Exercise data
>>>

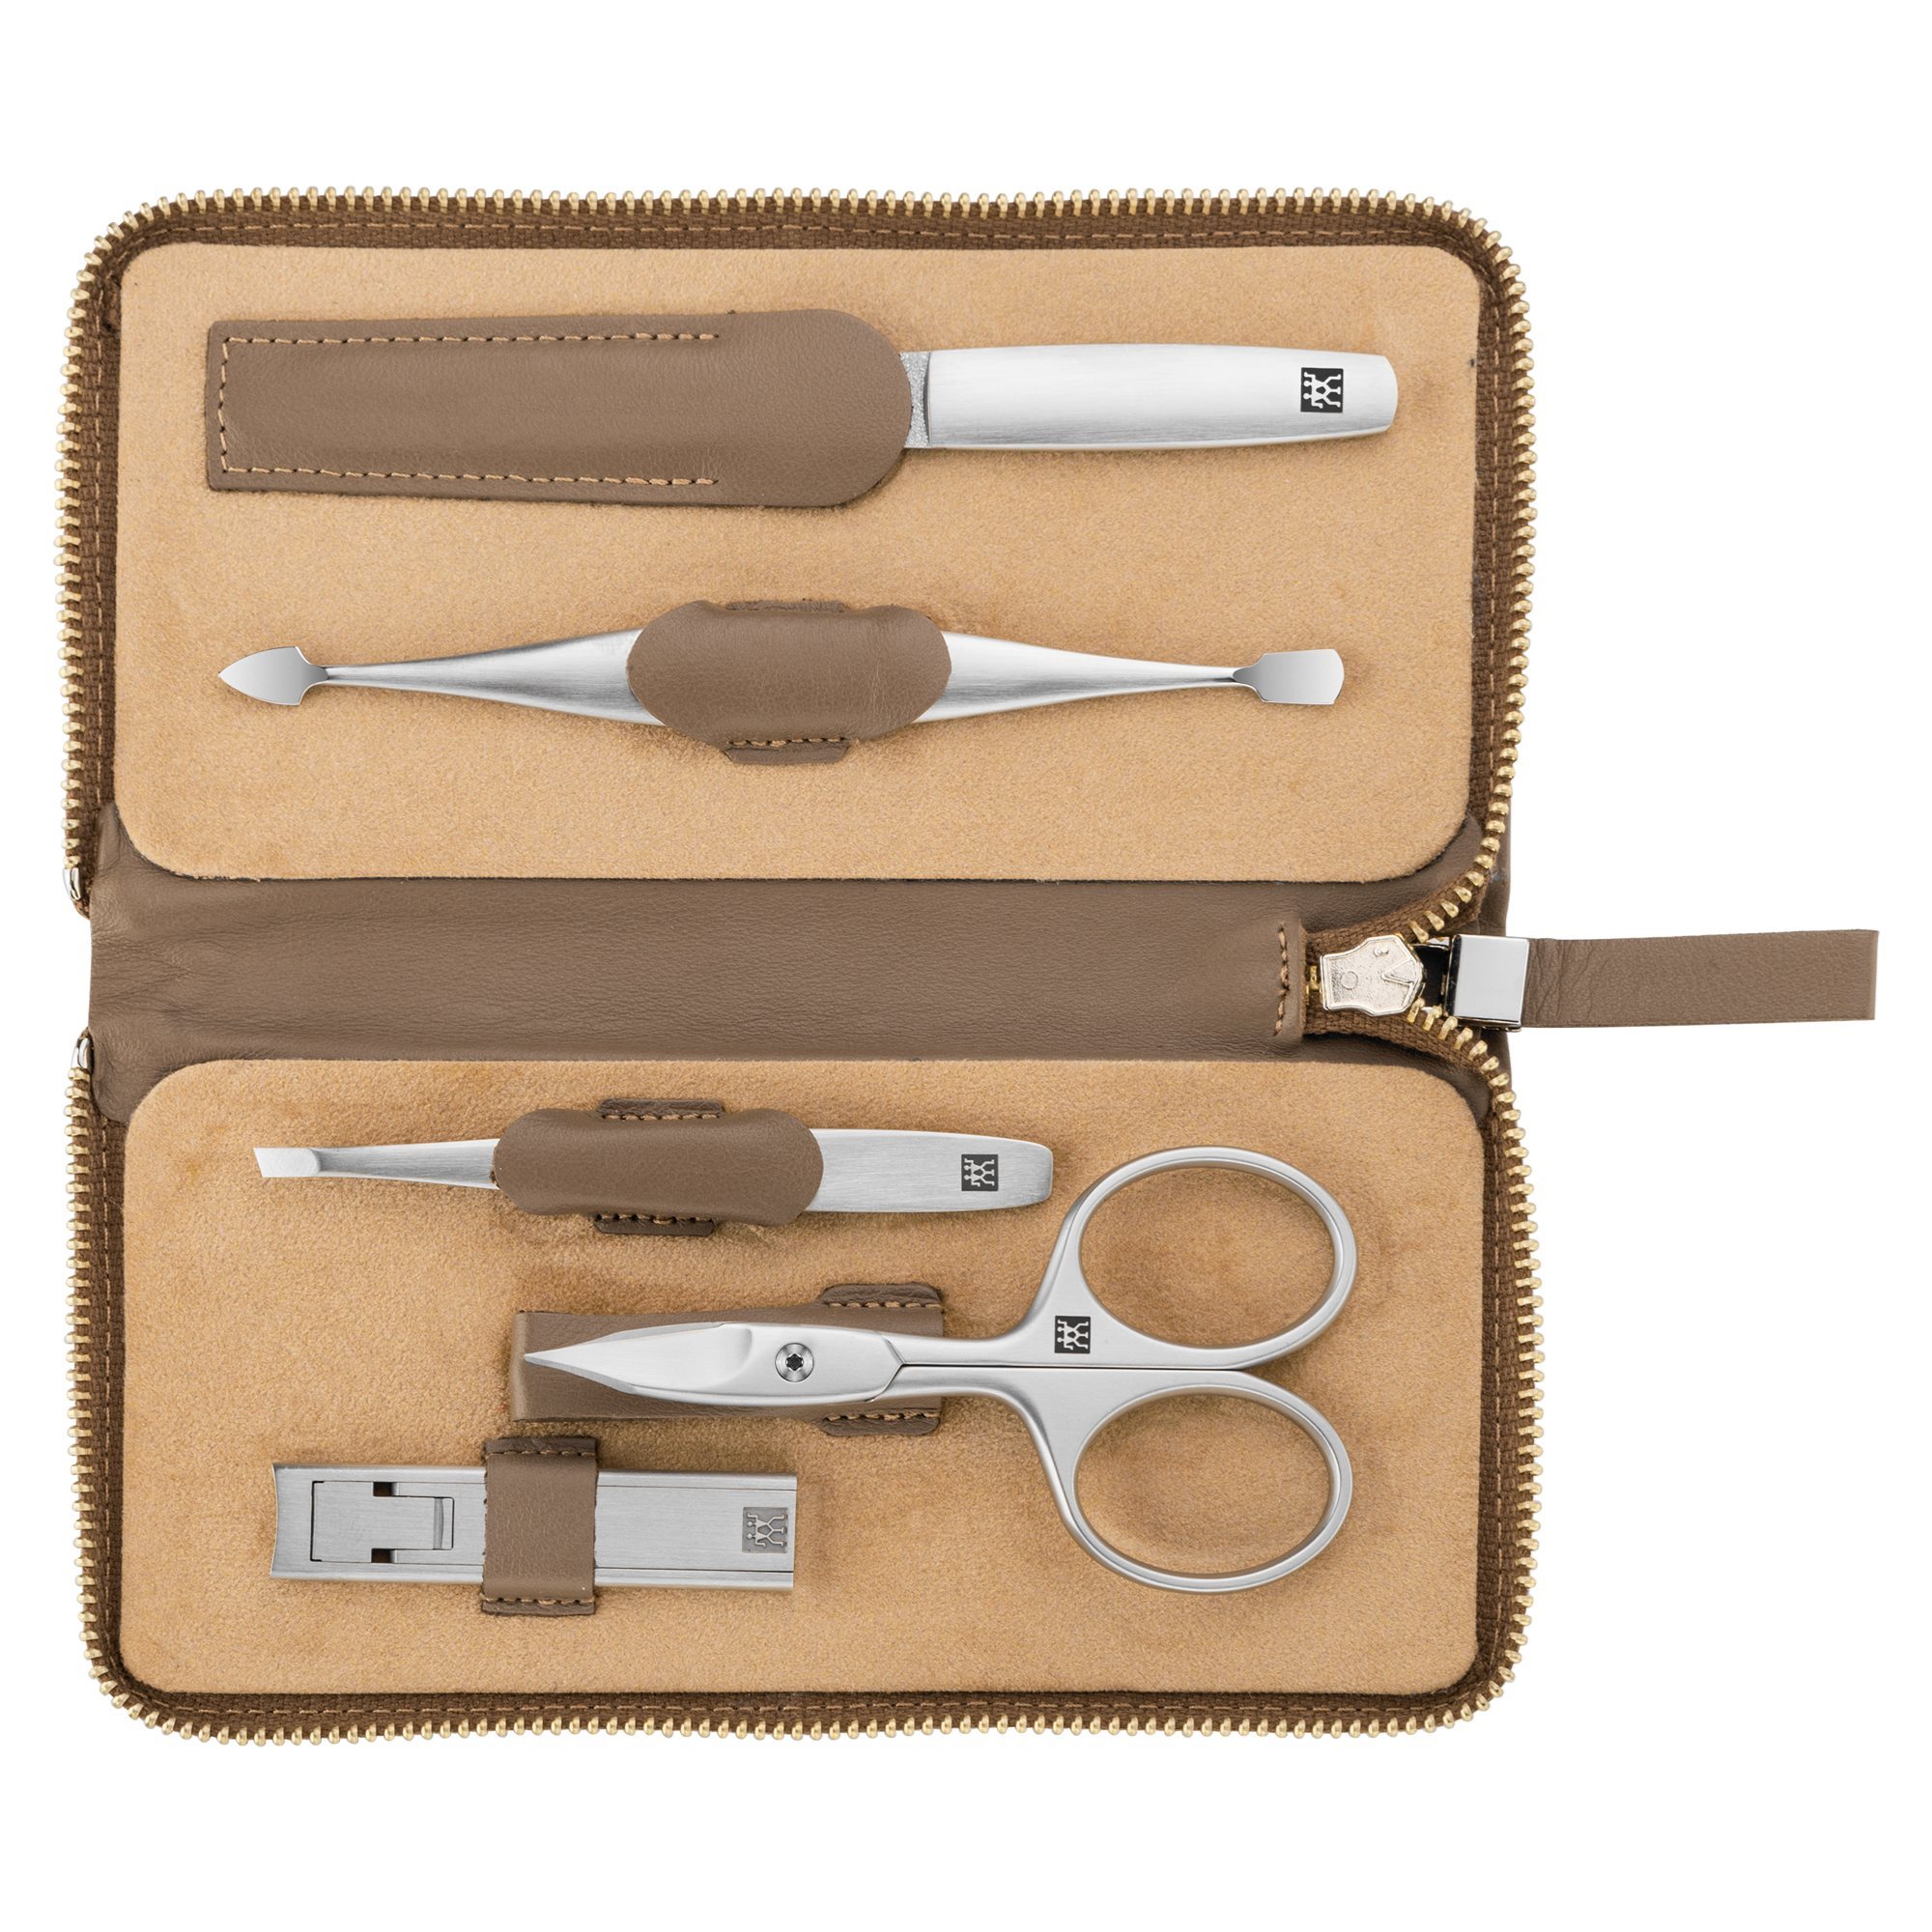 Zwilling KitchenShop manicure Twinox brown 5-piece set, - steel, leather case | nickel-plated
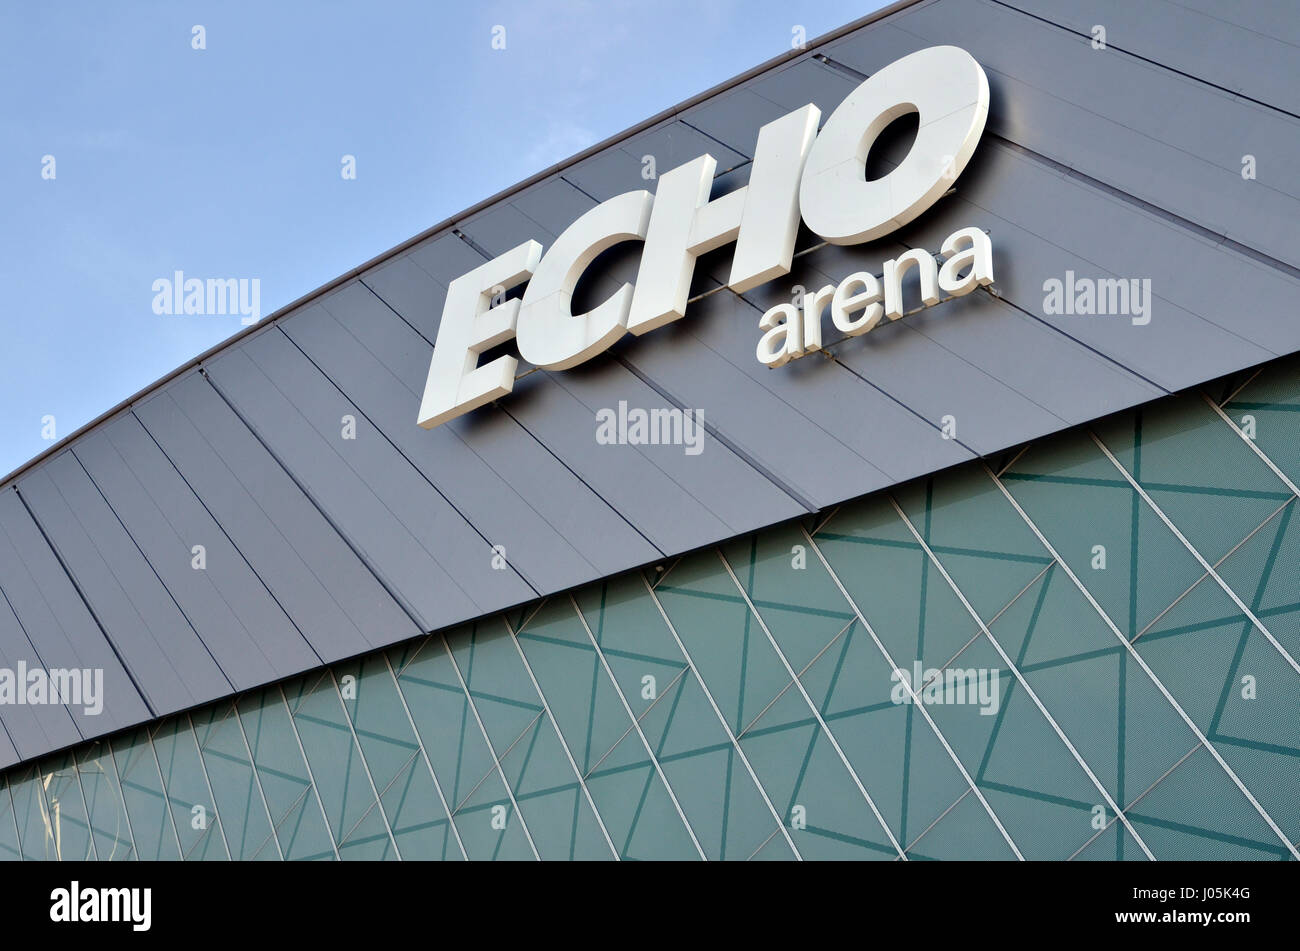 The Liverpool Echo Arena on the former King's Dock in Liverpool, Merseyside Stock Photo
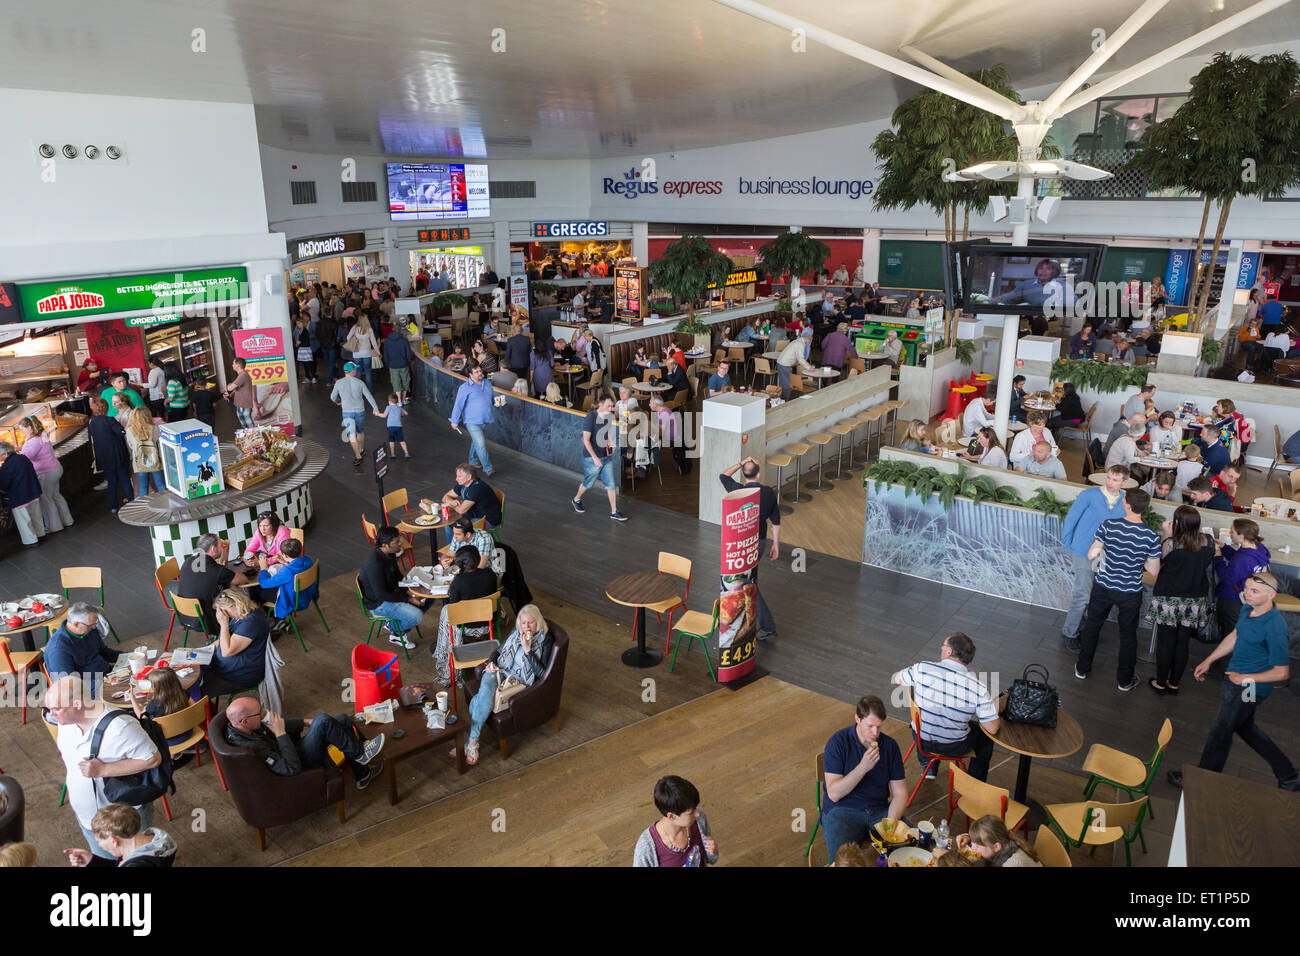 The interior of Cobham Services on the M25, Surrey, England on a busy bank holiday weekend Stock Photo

<<<

Exercise instructions
Write the material out again word for word and omit any images.

Solution for this exercise
 Zwilling KitchenShop manicure Twinox brown 5-piece set, - steel, leather case | nickel-plated
 The Liverpool Echo Arena on the former King's Dock in Liverpool, Merseyside Stock Photo
 The interior of Cobham Services on the M25, Surrey, England on a busy bank holiday weekend Stock Photo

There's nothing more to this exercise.